Understanding the Agent’s Intelligence

How the Agent “Thinks”

When you ask a question, the agent goes through a reasoning loop. Here’s a real example: User: “Find the oil manual on my drive and tell me the vision statement” Agent’s Internal Reasoning (this is what the LLM decides):

// Step 1: Analyze what's needed
{
  "thought": "User wants oil manual. Need to find it first.",
  "goal": "Locate oil manual on drive",
  "tool": "search_file",
  "tool_args": {"file_pattern": "oil manual"}
}

// Result: Found "Oil-Gas-Regulatory-Manual.pdf"

// Step 2: Index it
{
  "thought": "Found the file. Need to index before querying.",
  "goal": "Index the oil manual",
  "tool": "index_document",
  "tool_args": {"file_path": "C:/Users/user/Documents/Oil-Gas-Regulatory-Manual.pdf"}
}

// Result: Successfully indexed, 150 chunks created

// Step 3: Search for vision
{
  "thought": "Document indexed.
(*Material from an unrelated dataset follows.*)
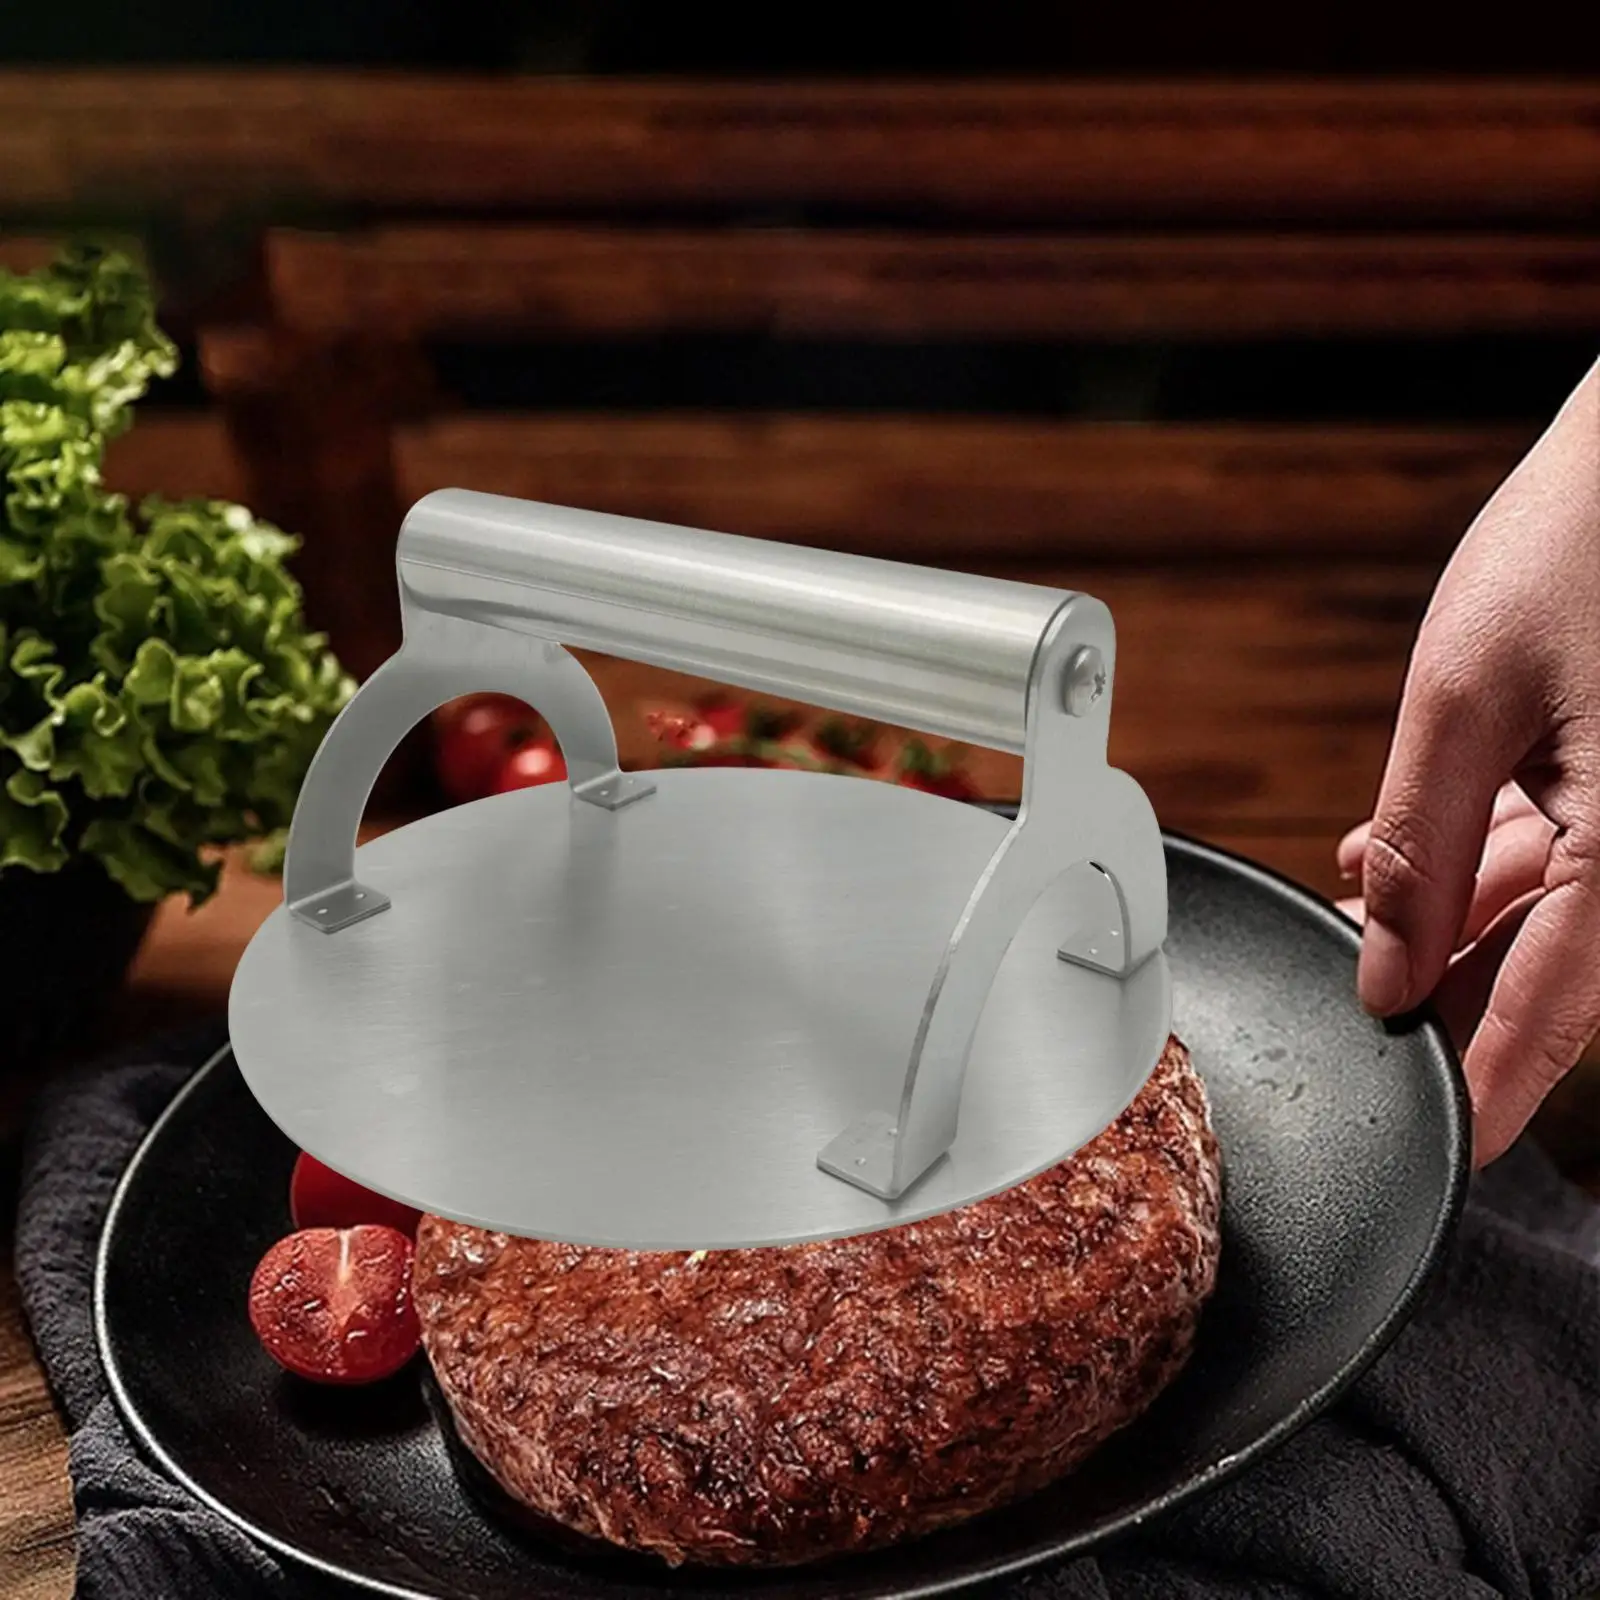 Stainless Steel Burger Press Kitchen Accessories Nonstick Grill Press Meat Beef Burger for Home Restaurant Cooking Barbecue Beef

Now search for vision statement.",
  "goal": "Find vision statement in oil manual",
  "tool": "query_specific_file",
  "tool_args": {
    "file_path": "C:/Users/user/Documents/Oil-Gas-Regulatory-Manual.pdf",
    "query": "vision statement"
  }
}

// Result: Retrieved 5 chunks, top score: 0.92
// Chunk: "The vision is to be recognized as..."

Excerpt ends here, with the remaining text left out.